Understanding C Language-1: Memory Object 中文版

Motivation

Many books introduce C language from grammar and practice perspective to teach “how to” and “how to do well”, however, what I desired is understand the reason behind each C-Language element and how they work together.

It is well-known C is the common ancestor of many modern computer languages called C-Family. Also, most compilers & interpreters of high-level programming languages were written in C. So understanding design concepts of C helps to learn other modern ones.

This first post introducing memory object to start the journey, enjoy it.

Birth of C

Normally C is classified as a system programming language for it is at high-level but also very close to the nature of machines.

At the bottom of computer architecture, data is simply a binary sequence resident in physical memory or registers. Physical memory is liner cells addressed by physical addresses(PA). Each cell contains 1-byte data and address space determines memory capacity(e.g. 4G memory need 32-bit addresses). On the other hand, registers are a group of standalone cells packaged in CPU and addressed by mnemonic symbols(e.g. rax, ebx). Each register contains one word.

Before C language, programmers have to operate low-level data using assembly language on kinds of minicomputers.

Assembly language is imperative to tell machines what to do. It consists of two parts:

  • opcode
  • operand
    an operand can be immediate or address.

Assembly language directly mapped to the machine code specified by each platform. What I want to point out is:

  1. Addresses are one type of data in machine code. Fetch address of cell is an original operation in assembly language(e.g. lea).
  2. Variable from high-level languages not existed.
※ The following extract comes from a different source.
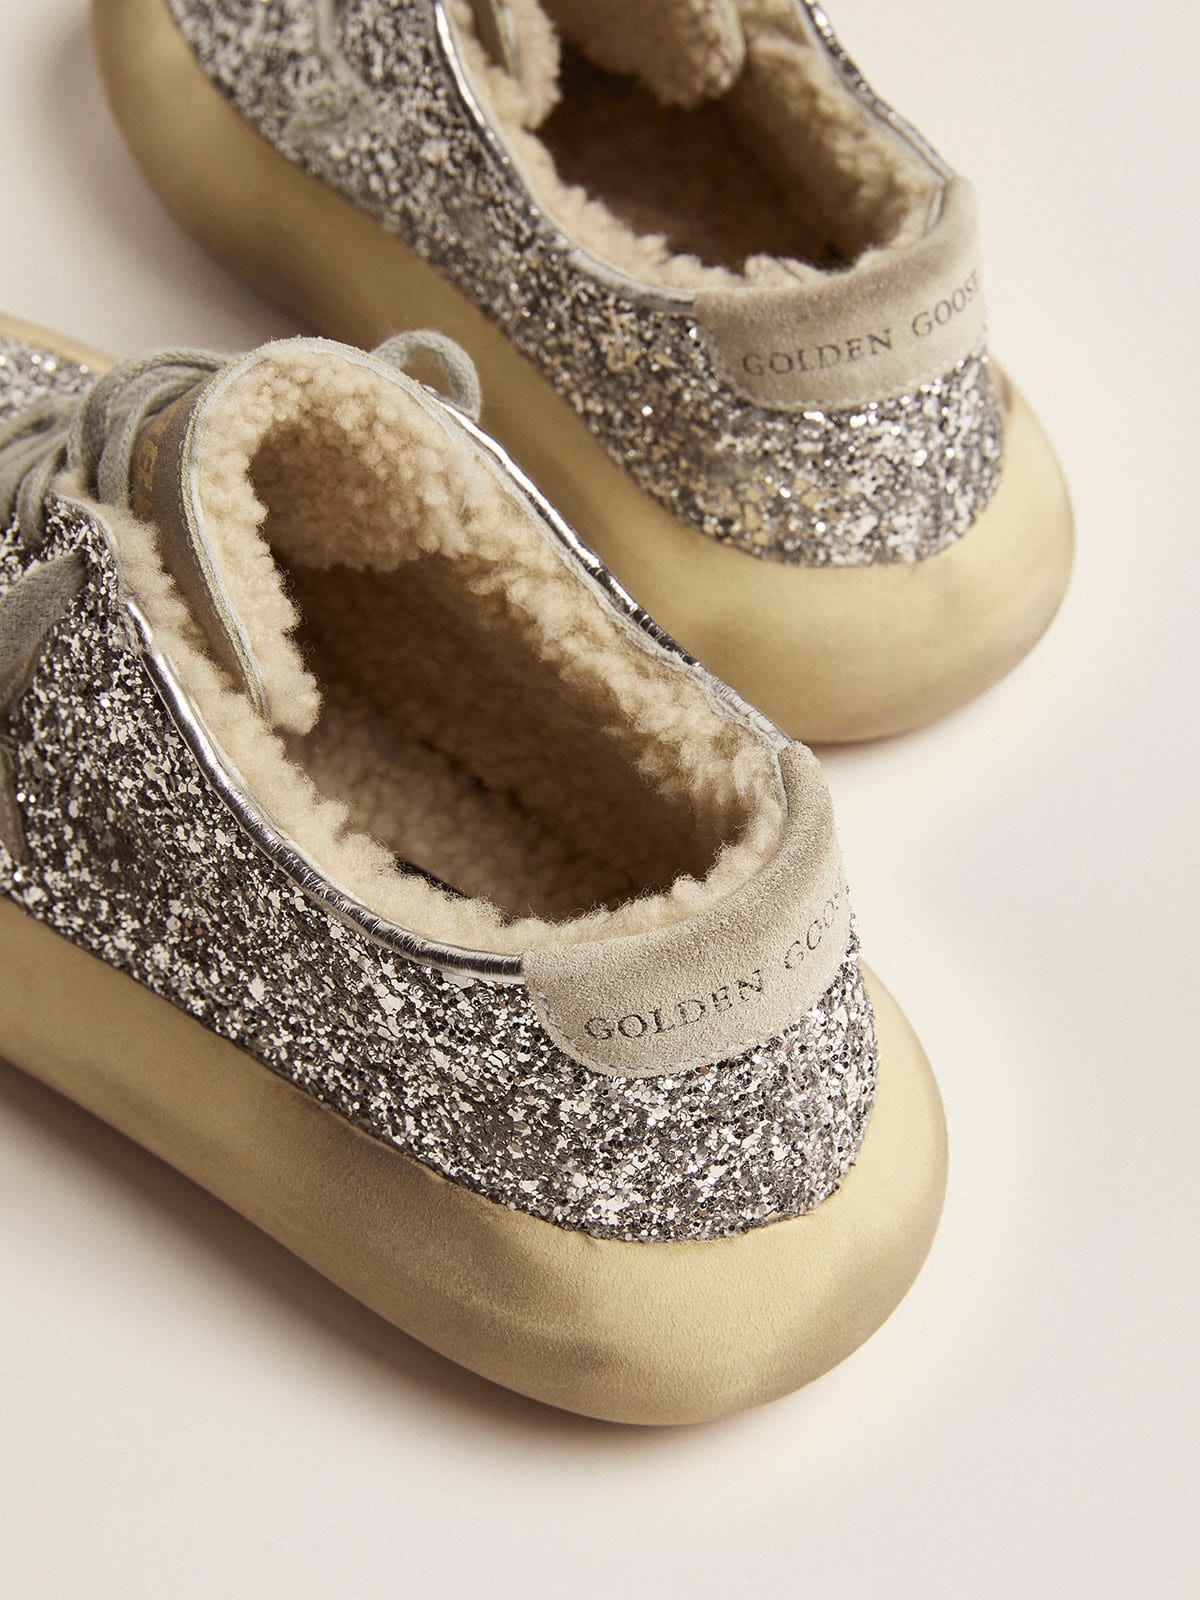 Women's Space-Star shoes in silver glitter with shearling lining - 5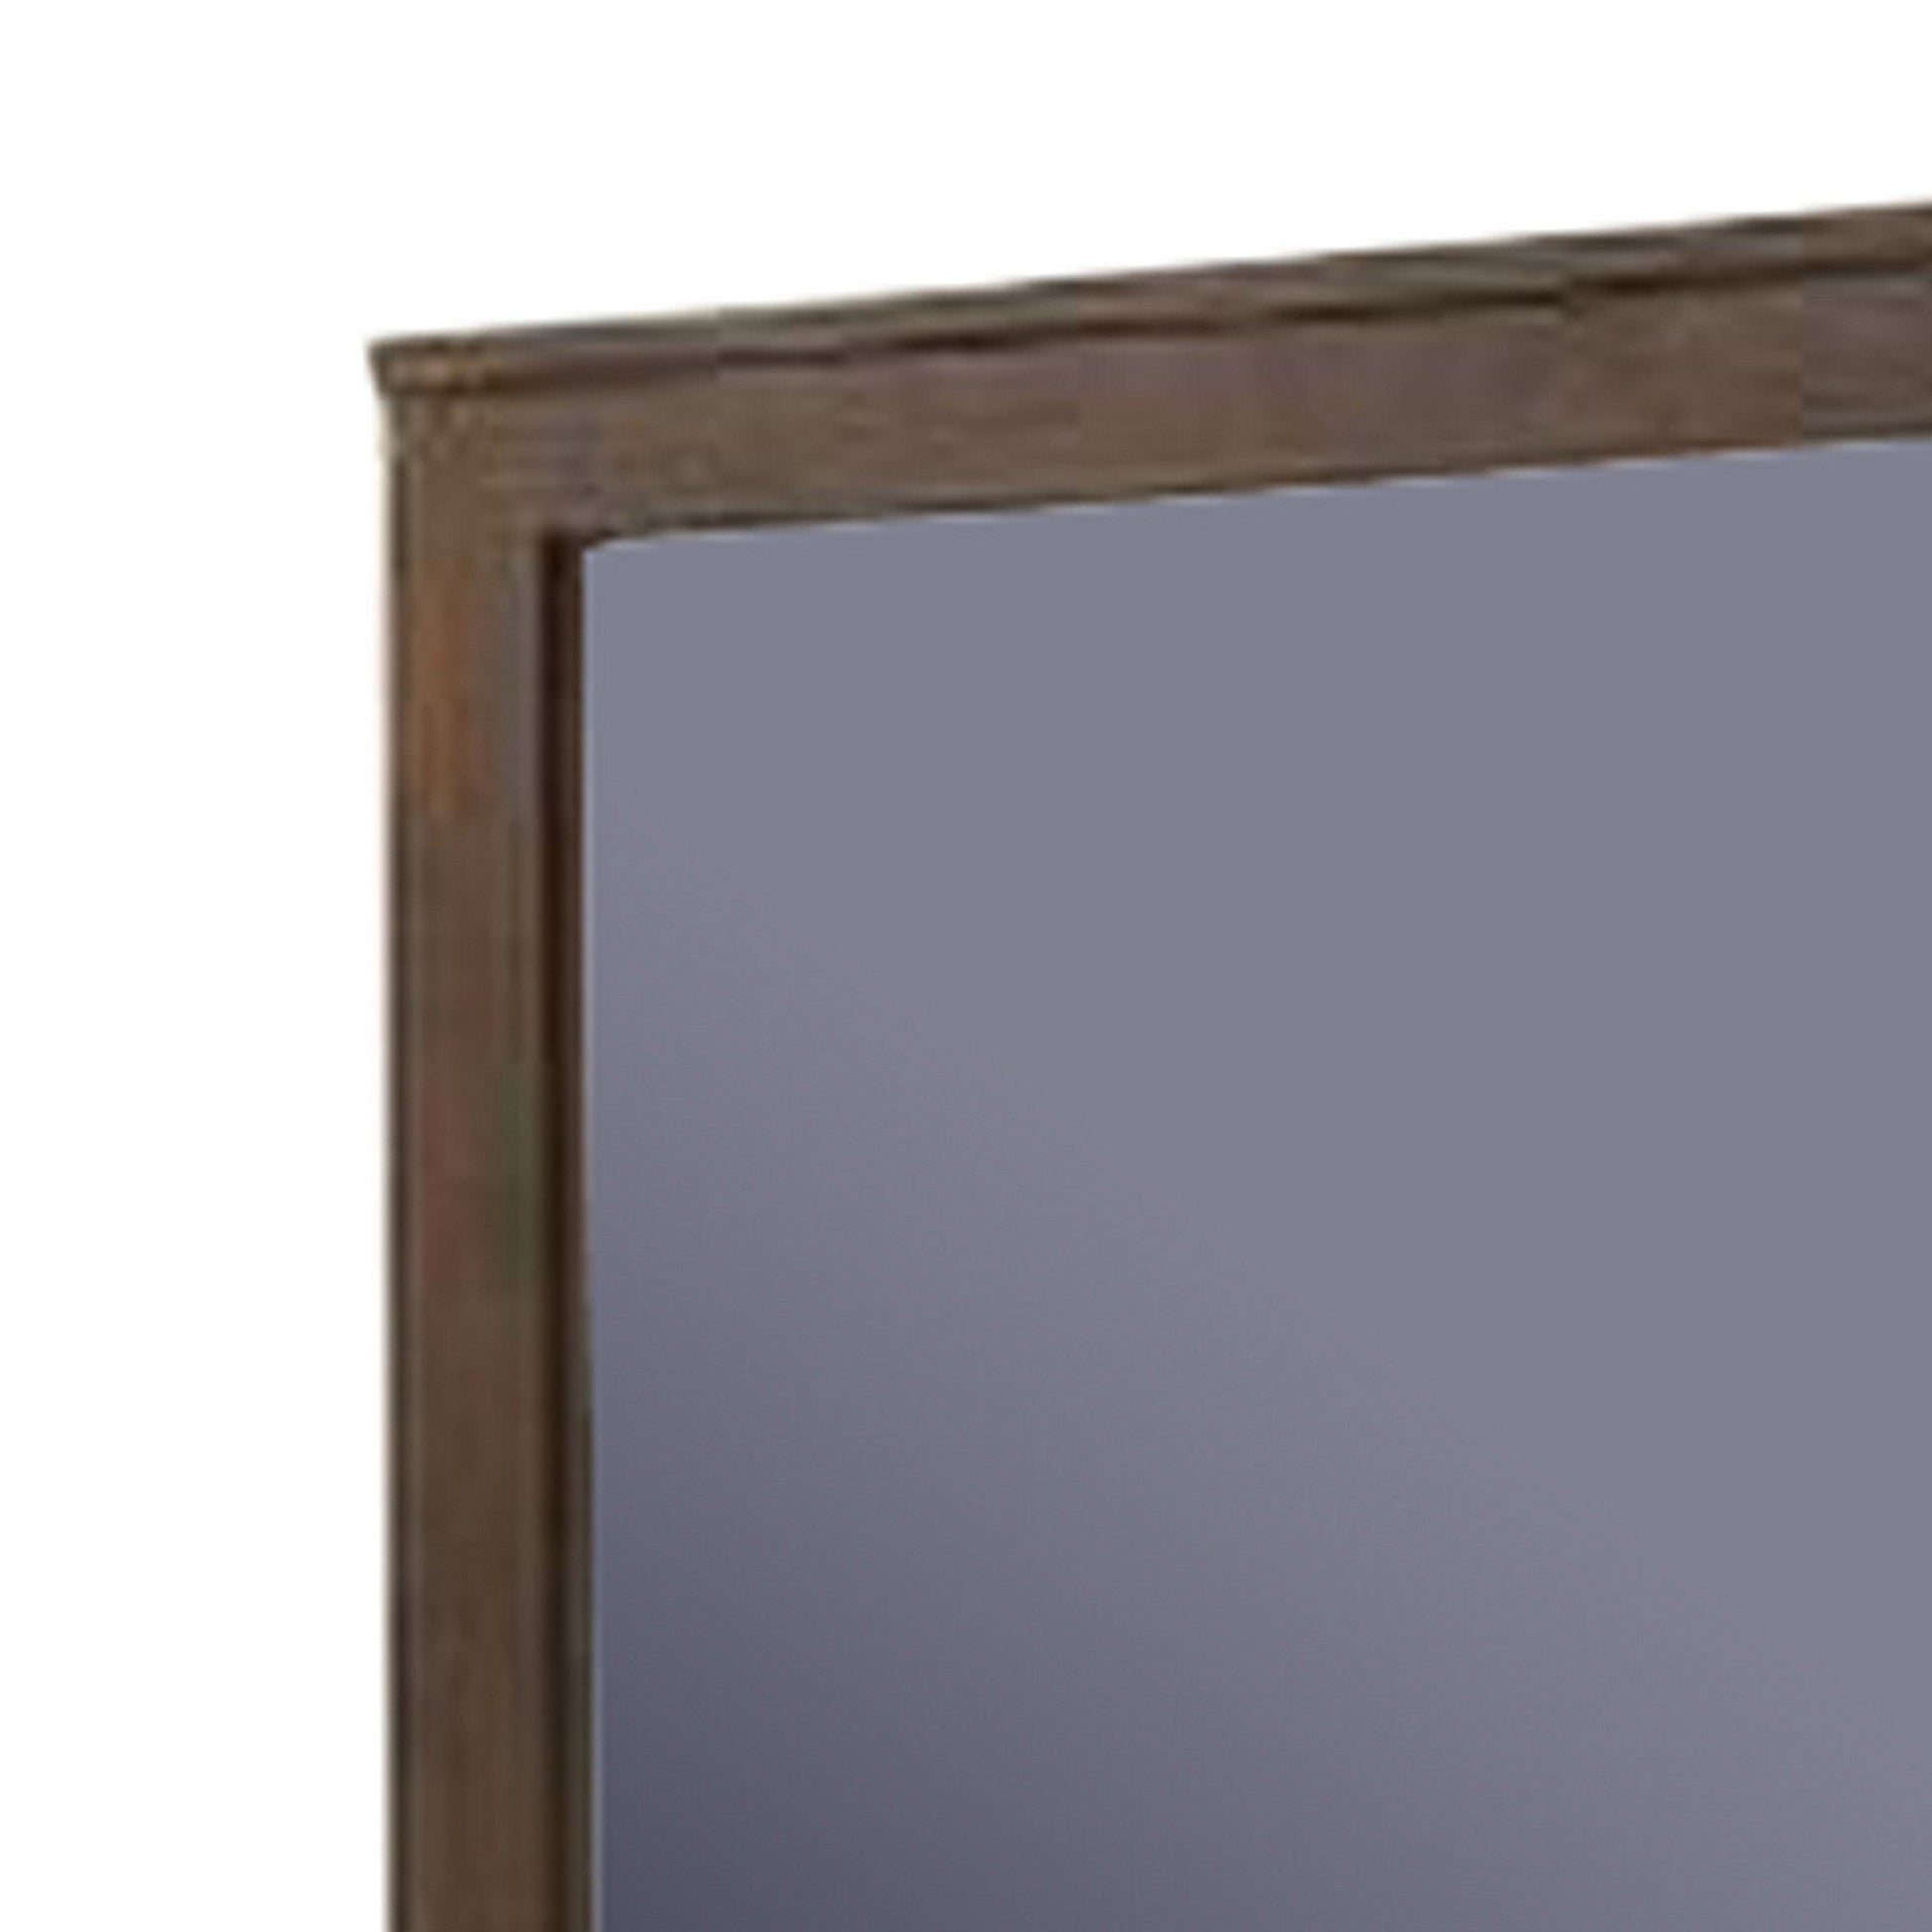 Benzara Brown Wall Mirror With Rectangular Frame and Molded Details

Assembly language is simple enough, feed it addresses then get content back, which makes the compile process reasonable.

At that moment, UNIX written in assembly language has been completed. But using it to write application code is too inefficient due to low-level concepts. How to raise the productivity of programmers?

So it comes C:
The goal of C is to provide compilers with high-level grammar for programmers who understanding computer systems, to improve efficiency and portability of code. Trust programmers is C’s belief. It exposes system hardware like memory/registers to those professionals.

During several decades of evolution, C has built its complete ecosystem:

  • Grammar Specification
  • Standard Library
    Standard libraries state common API and constants packaged within language specification in the following categories::
    • Definitions about Data Types
      e.g. ctype.h/float.h/stddef.h/limits.h
    • Common Operations about Data Types
      e.g. string.h/locale.h/time.h/math.h/stdio.h/stdlib.h
    • Runtime
      e.g. errno.h/assert.h/setjmp.h/signal.h/stdarg.h
  • UNIX Library Routines
    UNIX isolates applications from hardware and provide system calls as entry to kernel abilities. Library routines serve in user mode as wrappers for system calls.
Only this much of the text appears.